ASIC slams financial product issuers for bad marketing practices
Financial product issuers are broadly missing the mark in their design and distribution obligations (DDO) and need to “lift their game”, the Australian Securities and Investments Commission (ASIC) warned after a compliance review found “across the board” deficiencies in issuers’ marketing to investors.
Citing “considerable room for improvement” in issuers’ compliance with DDOs, including in the target market determinations (TMDs) they prepare to ensure their financial products are properly marketed to the appropriate consumer class, the regulator said it has issued 26 stop orders on investment products since July.
“Investment product issuers have been on notice to meet the design and distribution obligations since October 2021,” ASIC deputy chair Karen Chester said. “It is disappointing to see DDO deficiencies across the board, and by large and small product issuers alike.”
The DDO regime requires issuers and distributors of financial products to “ensure products are designed with consumer needs in mind and distributed in a targeted manner”, ASIC said. To meet their DDOs, issuers must prepare a TMD, take “reasonable steps” to ensure financial products reach consumers identified in the TMD and monitor consumer outcomes.
The agency’s May 3 report details its initial review of issuers’ DDO compliance, focussing on investment products including interests in managed investment schemes, shares issued by investment companies, preference shares and debentures. “We focussed on investment products because we were concerned that consumers risked being inappropriately exposed to high-risk products,” it said.
As a result of the review, ASIC said, it issued 26 interim stop orders against 18 issuers for breaches of TMD requirements; 12 issuers have since amended their TMDs, and five have withdrawn them. The report noted that many of the issues arose due to issuers’ use of TMD templates without customising them appropriately.

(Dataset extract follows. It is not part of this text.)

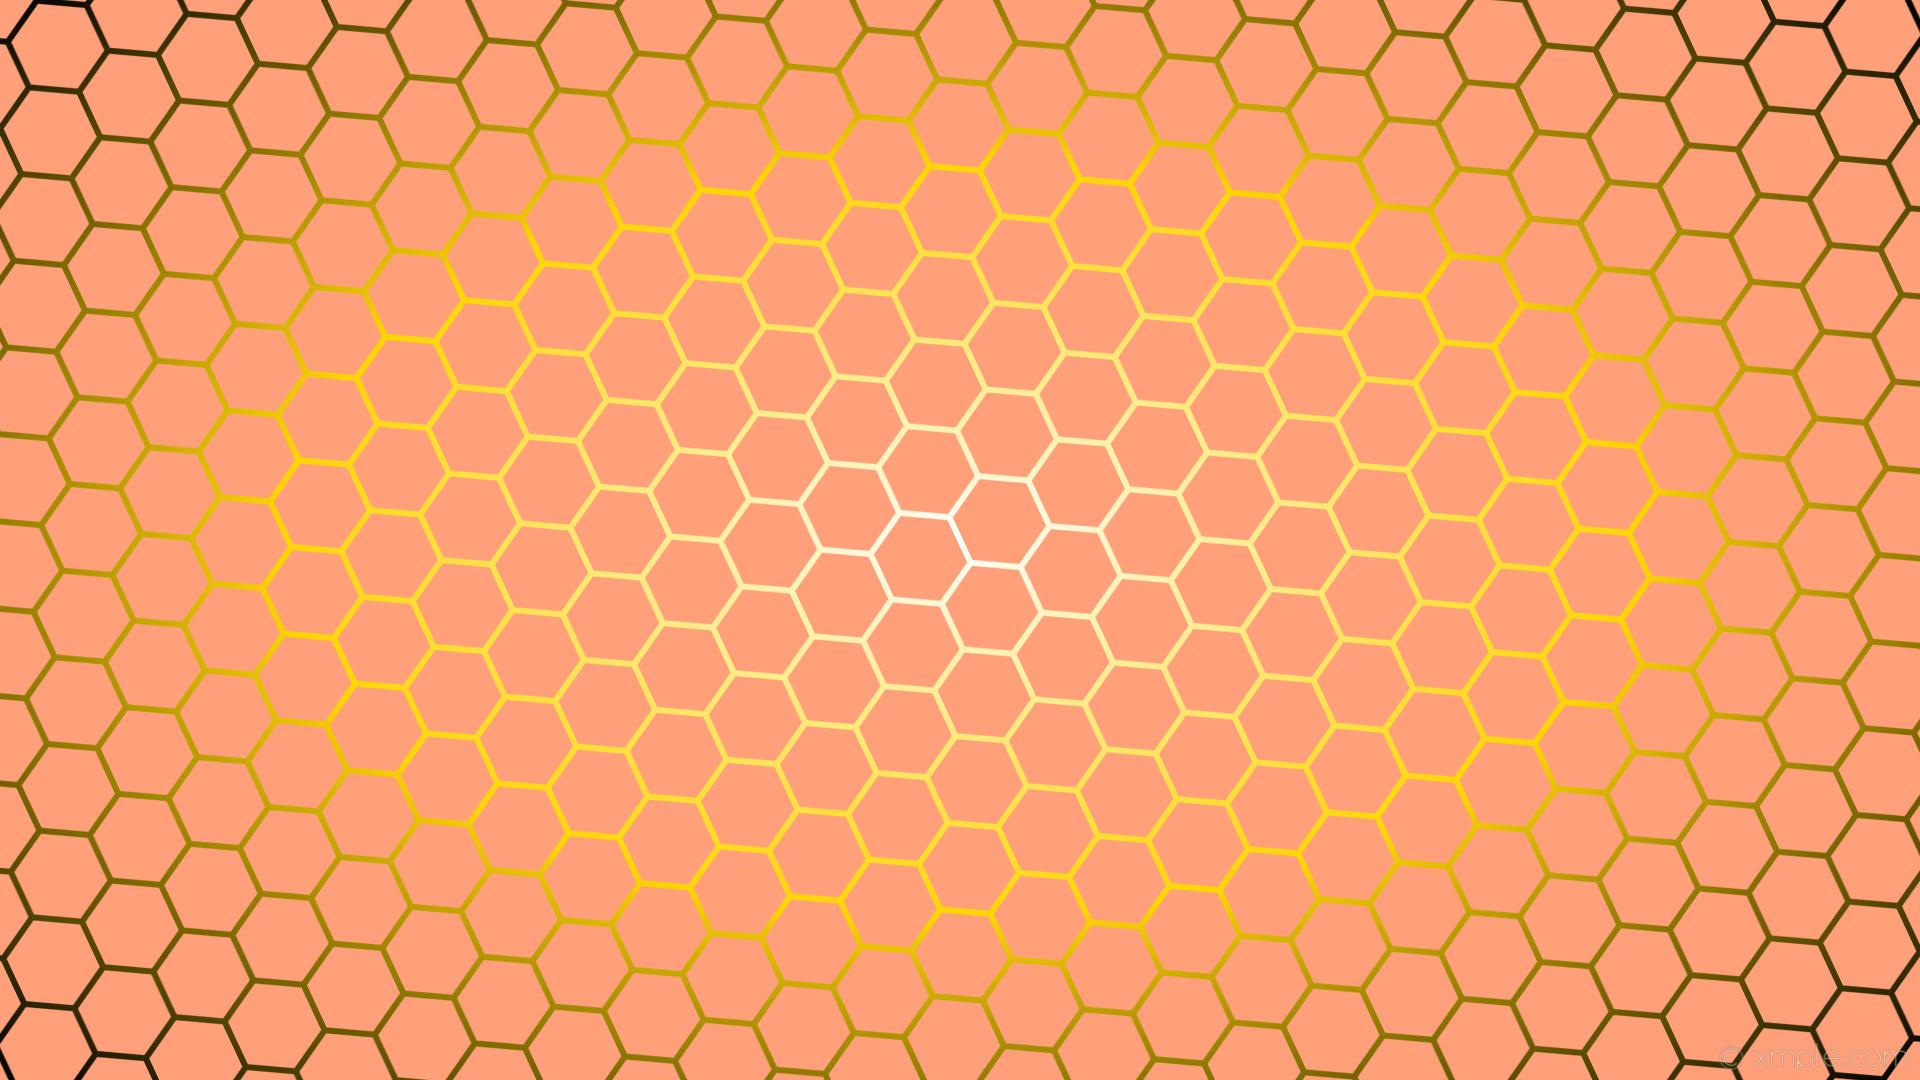 wallpaper hexagon glow white red gradient black yellow light salmon gold  #ffa07a #ffffff #
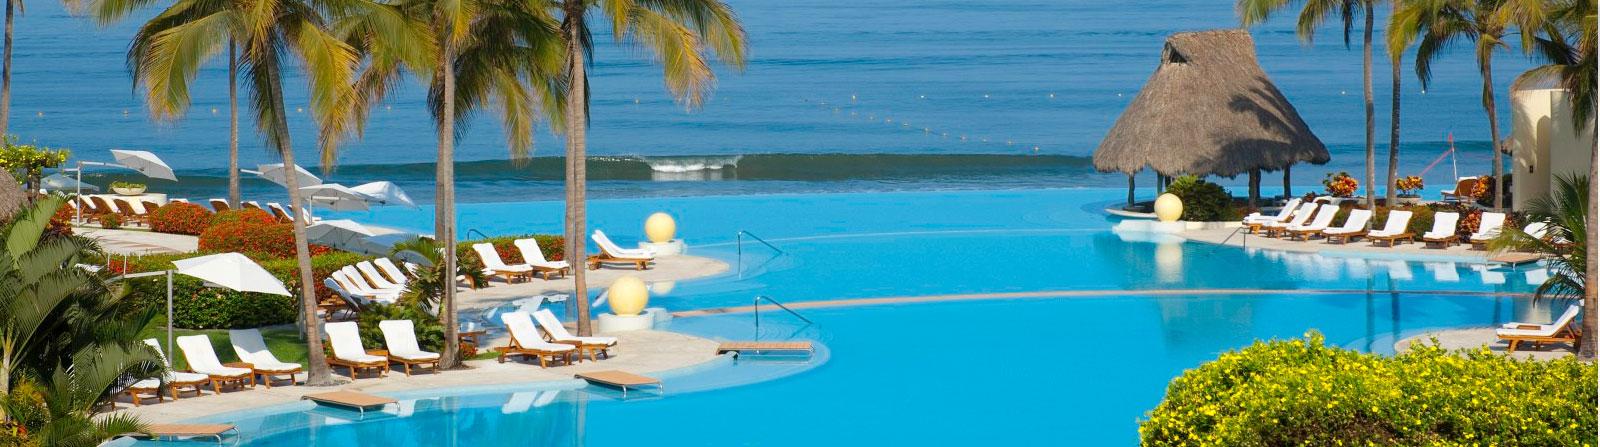 Grand Velas Riviera Nayarit Destinations Mexico

“The design and distribution obligations are a ‘game changer’ for consumers and retail investors,” Chester said.
“Companies need to take a consumer-centric mindset across a financial product’s lifecycle,” she added. “The DDO interim stop orders have become a ‘go-to regulatory tool’ for ASIC to quickly disrupt and stem poor consumer outcomes.”
“Poor product design or distribution puts retail investors at risk of financial harm, ending up in products that don’t meet their needs. The fact that we have issued 26 stop orders on investment products in just nine months shows that product issuers need to ‘lift their game’ – and now.”
The most common issue that arose in the regulator’s review was the use of inappropriate risk profiles in the target market, a factor in 21 stop orders. “For example, a high-risk product was considered to be appropriate for consumers with a medium risk tolerance,” the report said.
Issuers defining a target market too broadly factored into 15 stop orders; other deficiencies included applying inappropriate levels of portfolio allocation in a target market and having inappropriate or no distribution conditions.
“Closer scrutiny of DDO is coming,” Chester said.
“In coming months, ASIC will begin to review how product issuers interact with their distributors to ensure they are not straying beyond their target market, how they monitor product governance arrangements and review data to ensure retail investors are receiving suitable products on an ongoing basis,” she added. “We won’t hesitate to take further action, from stop orders through to court proceedings, especially where we see egregious failures.”